La primera negación del bipolarismo llegó hace tiempo desde Alemania con la Grosse Koalition entre la SPD y la CDU, que también había cortado las famosas alas extremas, y volvió a la palestra en las últimas elecciones: en este caso el bipolarismo funciona sólo como medida de las relaciones de fuerza, en un sistema de gobierno compartido de dominación moderada, es decir, centrista.
En Italia, la mayoría del centroizquierda está volcada en el mismo sentido, y no sólo el ala ultra de la Margherita y de Mastella, que querrían librarse de las llamadas izquierdas radicales, o sea Rifondazione, PDC, quizás los Verdes y sustituirlas con los votos de la UDC y algún tránsfuga de Forza Italia.
No es sólo una tentación parlamentaria, inducida por la exigüidad de los números, especialmente en el Senado: es el deseo de la mayor parte de los medios antiberlusconianos, basta leer los editoriales de Eugenio Scalfari, no sospechoso personalmente de querer mayorías variables, pero intolerante hacia aquello que llama «maximalismo» de las izquierdas.
En Francia, el clásico duelo fatal y final entre dos ideas de país que tomarían cuerpo en las elecciones presidenciales del próximo abril, es encarnado por el repentino emerger en la coalición gubernativa saliente por una especie de Follini-Rutelli trasalpino, François
Bayrou, que amenaza a los candidatos de la UMP, Nicolas Sarkozy y del Partido Socialista, Segolène Royal. No es que el candidato centrista parezca poder vencer, pero está mordiendo a uno y a la otra, que hasta ahora dominaban sin contrastes la escena. En el sistema de voto francés, en la primera vuelta pueden presentarse todos aquellos que tengan quinientas firmas de ya electos, mientras que a la segunda van al ballottage sólo los primeros dos. En concreto, el 21 de abril estarán en campo del lado de la saliente centroderecha Jean Marie Le Pen (un cocktail de Almirante y Bossi), Nicolas Sarkozy, actual ministro del Interior y ultraliberal, y el rampante François Bayrou, mientras que la actual oposición presenta seis nombres, por los socialistas Segolène Royal, ex ministra del gobierno Jospin y presidente de una gran región, Marie George Buffet, secretaria del PCF, Arlette Laguiller, inoxidable líder de Lucha Obrera, Dominique Voynet por los Verdes y, si obtienen como parece las quinientas firmas de sponsors, Olivier Besancenot, secretario de la Liga Comunista Revolucionaria y José Bové por el ecologismo sin partido. Hasta hace tres semanas, la animadora de un exitoso programa ecológico en TV parecía poder alcanzar un puesto transversal análogo a aquel que se propone Bayrou.

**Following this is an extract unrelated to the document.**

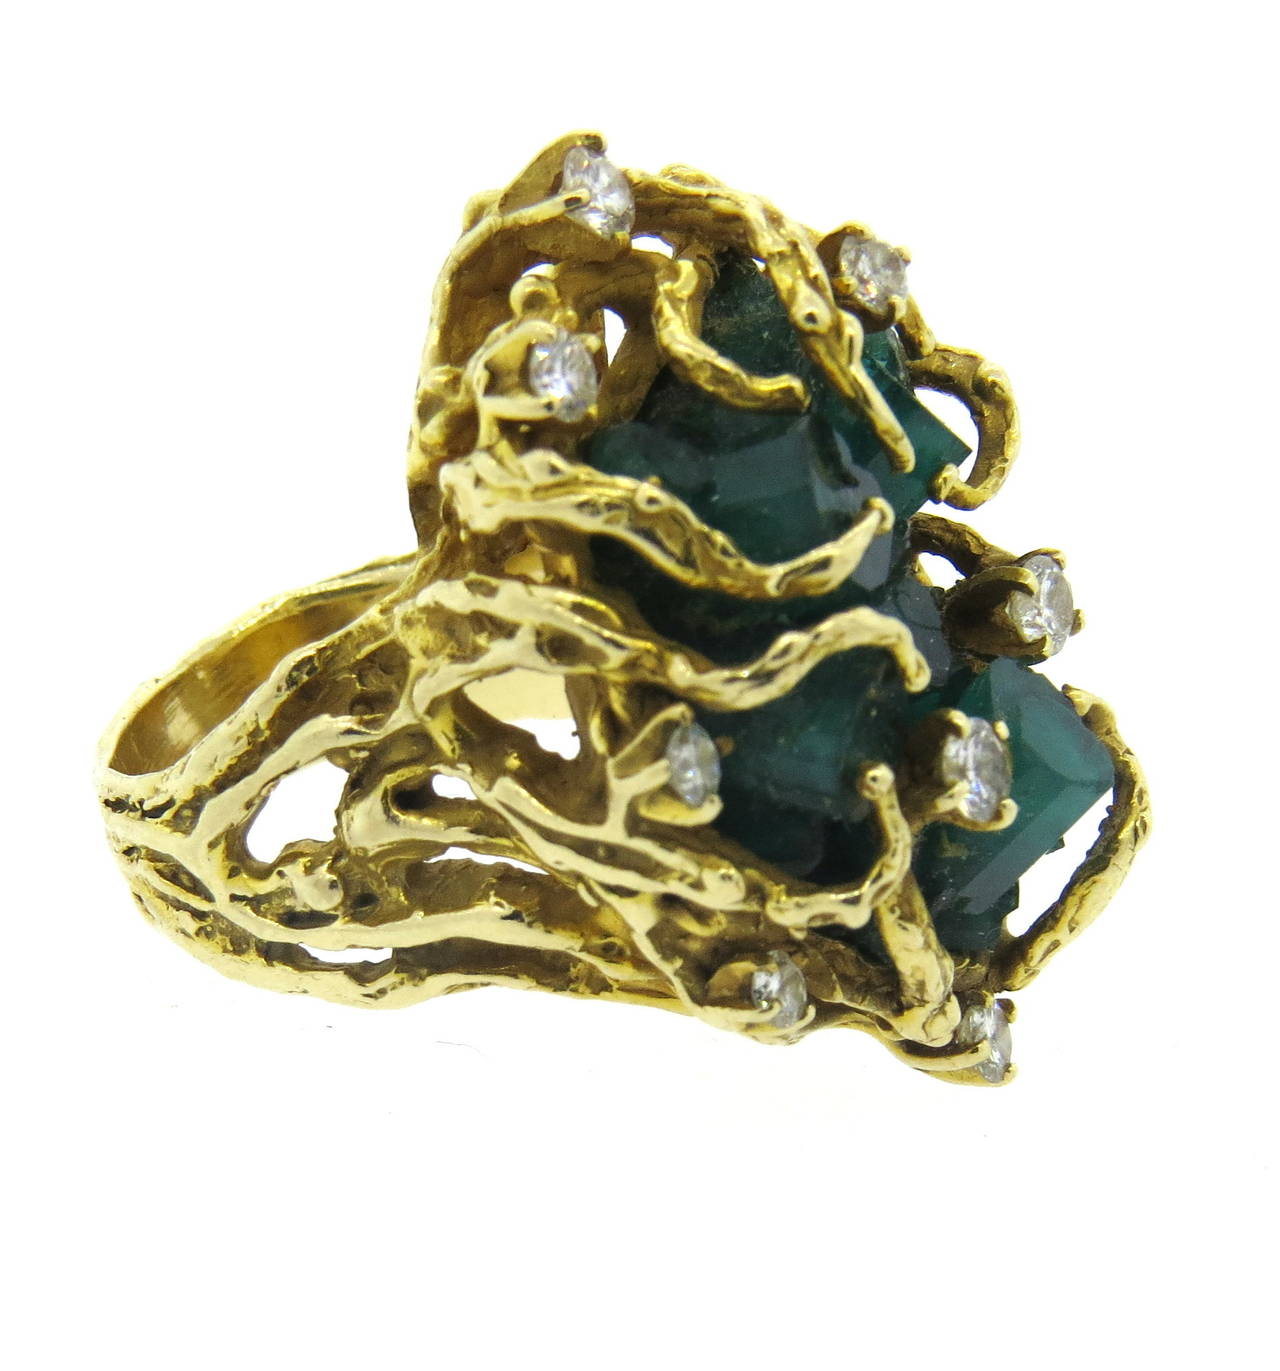 Vintage 14k gold free form ring, featuring Chatham emeralds and approx. 0.50ctw in VS-SI/H diamonds. Ring is a size 7 1/2, ring top is 32mm x 22mm, sits approx. 14mm from the top of the finger. Weight of the piece - 23.8 grams

Por cierto, la fascinación que, al menos en los sondeos, provocan estos personajes viene del hecho de que parecen romper un juego prefijado entre roles. Pero es apariencia, porque ellos no pueden más que colocarse en el baricentro de las fuerzas que hay en campo, y varían con su variar. Hoy por hoy es una opción centrista. En 2007 no mucho queda de las categorías que estructuraban la derecha y la izquierda hasta 1990; en Francia, al contrario que entre nosotros, aún está viva la opción antifascista, y si por desilusión o despecho llegara todavía una vez más al segundo turno Jean Marie Le Pen, todos los votos se dirigirían hacia su rival, cualquiera éste fuese, como en 2002 se volcaron sobre Jacques Chirac, incluso jóvenes e inmigrantes de los banlieues con las banderas al viento. Y como si el sentido común más allá de los Alpes hubiera heredado de la segunda mitad del siglo XX la intolerancia hacia el racismo y el antisemitismo, cosa que entre nosotros no ha sucedido cuando Berlusconi ha capitalizado a los fascistas. Mientras que es cada vez más confusa en la escena de la representación política la contradicción social. Desde 1945 hasta los años ’70 parecía – y sería cuestión de reverlo sin esquematismos – que el antifascismo contenía en sí una valencia progresista: fascismo y nazismo habían llegado a arrojar en los campos de exterminio a judíos, gitanos y bolcheviques después de haber devastado todas las organizaciones políticas, sindicales y obreras. Pero hoy, a pesar de sus filiaciones imperativas, el liberalismo parece haber perdido los estigmas de un autoritarismo al menos preparatorio de una posible precipitación fascista. Esta se propaga hasta las izquierdas históricas. Sucedió, en suma, el proceso inverso de cuando la percepción de una profunda contradicción entre las clases había penetrado en la cultura democrática en absoluto marxista, sino liberal. Así, las constituciones post bélicas están bajo ataque y el tratado constitucional europeo ignoraba o diluía en fórmulas vacías cada recuerdo. No por caso los trabajadores franceses y holandeses votaron no.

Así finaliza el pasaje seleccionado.